In an Information3 dated August 14, 2000, Ortiz, Chavez, Dasilio and Jerry Doe (at large) were charged with the crime of Robbery with Multiple Rape allegedly committed as follows:

That on or about the 22nd of April 2000 at around 7:00 o’clock in the evening at Zone xxx, Brgy. xxx, Municipality of Pili, Province of Camarines Sur, Philippines and within the jurisdiction of this Honorable Court, the above-named accused, conspiring, confederating and with intent to gain and while all armed with guns, by means of force and violence against the persons of BBB and AAA4 at their residence, did then and there willfully, unlawfully and feloniously, take, steal and carry away the following items, to wit: 1 pair gold rings, 1 pc. Cellphone (Nokia), 1 pc. walkman, 1 pc. Radio cassette (sony), 2 pcs. wrist watch, 2 pcs. flashlights, 1 pc. emergency light, assorted ID’s amounting to Thirty Thousand (₱30,000.00) Pesos and cash of Three Thousand (₱3,000.00), all valued at a total amount of Thirty[-]Three Thousand (₱33,000.00) Pesos Philippine Currency, but before leaving with the loots the above-named accused, with violence, force and intimidation of person, at gun point succeeded in having carnal knowledge of the same AAA, one after the other, in taking their turns in satisfying their carnal desires, against her will, to the damage and prejudice of the spouses, BBB and AAA.

ACTS CONTRARY TO LAW.

Upon arraignment, appellants Ortiz, Chavez and Dasilio pleaded not guilty to the charge. Whereupon, trial ensued.

The factual antecedents follow.

On April 22, 2000 at around seven o’clock in the evening, Candido Oliva and his son, Dennis, were inside their camalig when they heard BBB’s dog barking. This prompted Candido to go outside and verify what was happening. As it was dark outside, he decided to get a flashlight, but before he could enter the camalig, somebody with a revolver pushed him inside. The man who pushed him introduced himself as "Sergeant" and was later identified only as Jerry Doe.

Thereafter, Jerry Doe called Dasilio inside the camalig. Dasilio, who was then armed with a sword, ordered Candido to sit beside Dennis, who was interminably crying out of fear. Father and son were then made to lie face down while appellants tied their hands with a tie wire.

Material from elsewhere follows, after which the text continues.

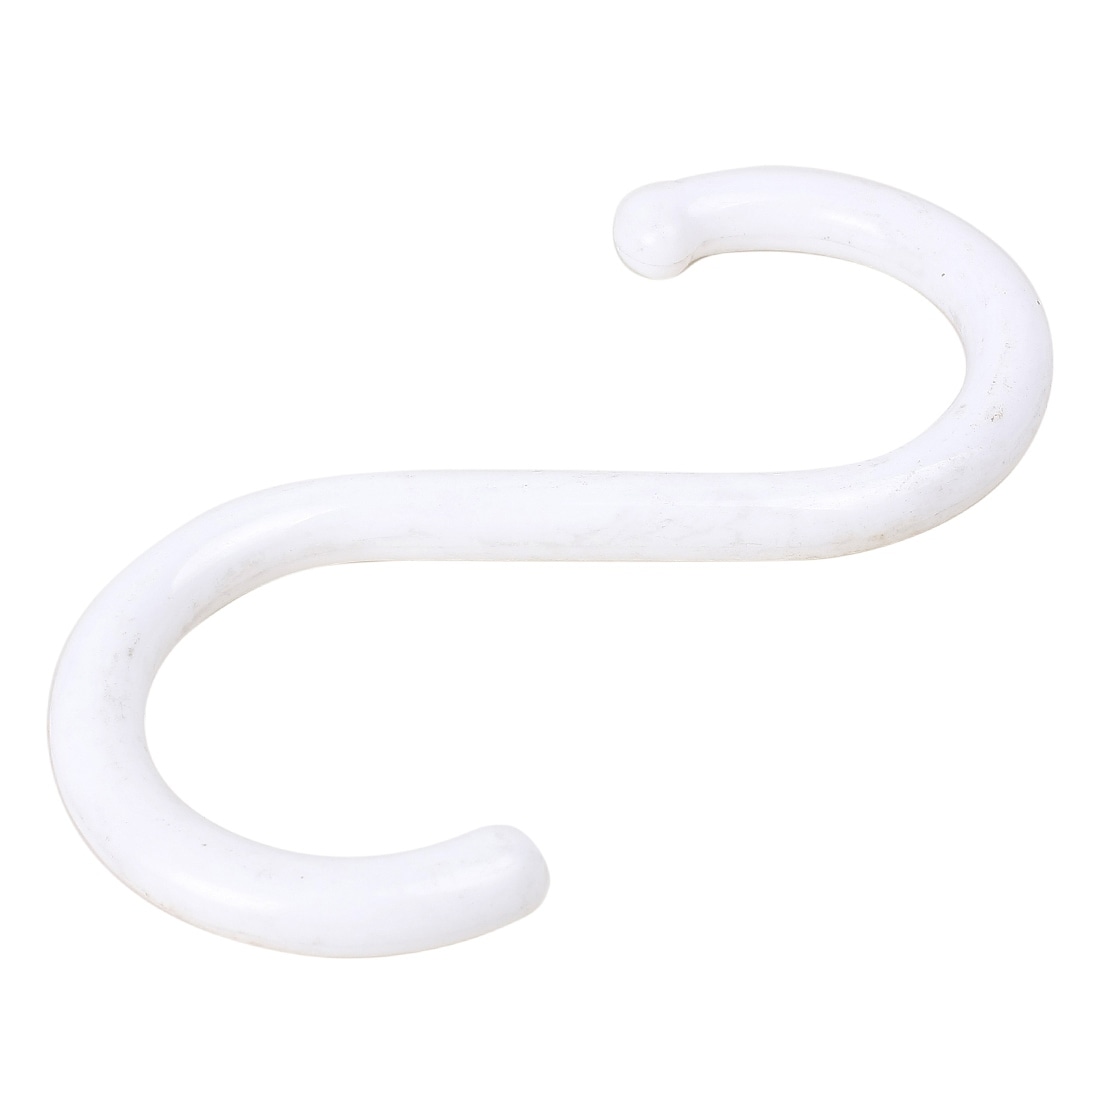 https://ak1.ostkcdn.com/images/products/is/images/direct/c518381dff5b7a65aff19f9cce3ae702d41d2690/3pcs-Plastic-S-Shape-Hooks-Hangers-Clasp-for-Hanging-Coat-Shower-Item.jpg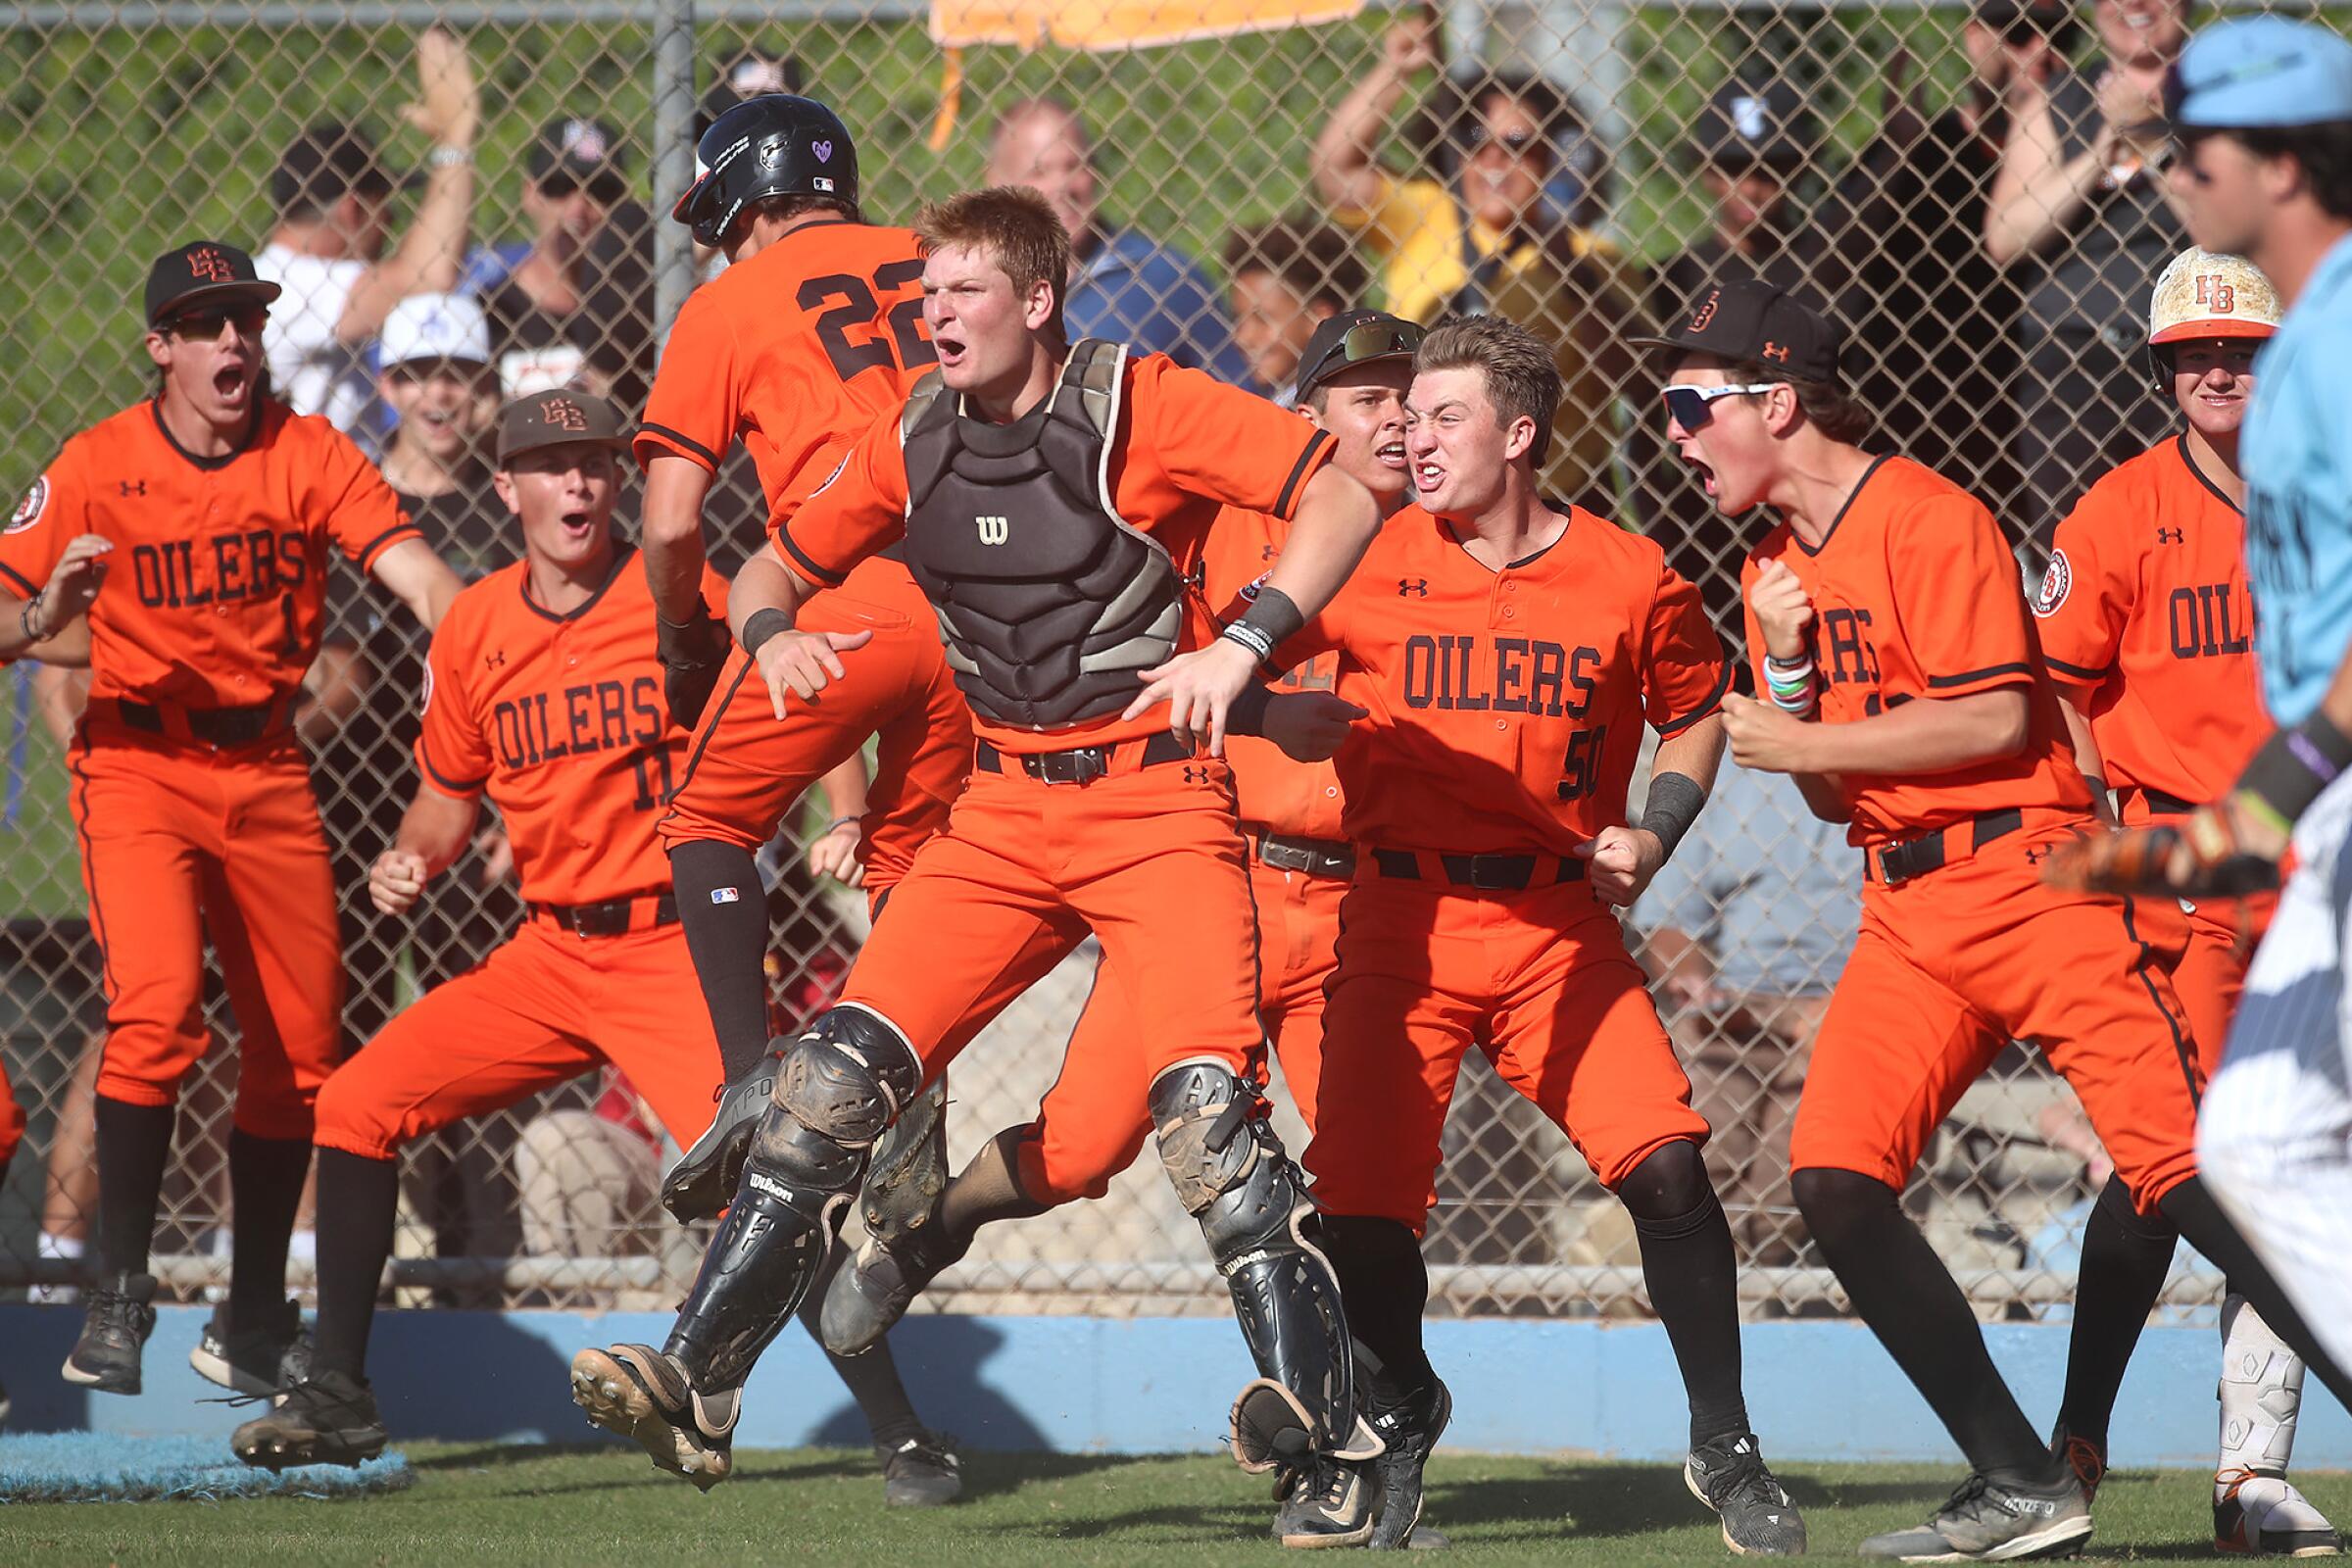 Trent Grendlinger (28) of Huntington Beach, with catchers vest, leads the collective cheer after teammate Nate Cox (22) crossed home plate for go ahead score during the second round of the Div-1 baseball playoffs against Villa Park on Tuesday.

At about the same time, spouses AAA and BBB were watching television inside their house, which was situated just 12 to 15 meters from the camalig, when they heard Dennis crying. BBB proceeded to Candido’s house to investigate but he was also herded inside Candido’s house where he was tied by Dasilio. Thereafter, Candido, Dennis and BBB were ordered to proceed to BBB’s house. On their way there, BBB saw Ortiz and Chavez.

Jerry Doe and Chavez went to BBB’s house ahead of the group, and tied AAA’s hands with plastic tape. After Ortiz and Dasilio arrived, appellants ransacked the spouses’ house while Jerry Doe held AAA at gunpoint. Subsequently, the four victims were shoved inside the spouses’ bedroom. Jerry Doe and Dasilio continued to loot the house while Chavez and Ortiz acted as lookout.

After the looting was over, AAA was asked to get food from the camalig. After feeding Candido, she was again ordered to get water from the camalig. This time, Jerry Doe and the appellants accompanied AAA.

While in the camalig, Jerry Doe ordered AAA to remove her shorts and panty. AAA pleaded with Jerry Doe and appellants not to rape her, but despite her pleas, the four took turns in raping her in the presence of each other.

After succeeding in raping AAA, the four all went back to the house of AAA and BBB. Before leaving, the four warned the victims not to venture out as they had allegedly placed a grenade at the door. Heeding the warning, the victims kept mum until morning. As soon as they verified that there was no grenade by the door, they went out and reported the incident to the police authorities.

During the investigation, SPO2 Nestor Huerno recovered a calculator, which was one of the items taken from AAA and BBB’s house on the night of the robbery, from Asuncion Casiano. Upon the police’s inquiry, Casiano declared that his neighbor, Dasilio, bartered the said calculator in exchange for some grocery items from her store. Additionally, Florentino Bueno, a friend of the appellants, emerged during the investigation. He said that Ortiz and Chavez invited him a week before April 22, 2000 to join them in robbing private complainants. Bueno also revealed that in a drinking spree, Ortiz and Chavez boasted in his presence about the robbery they committed and the rapes perpetrated on AAA.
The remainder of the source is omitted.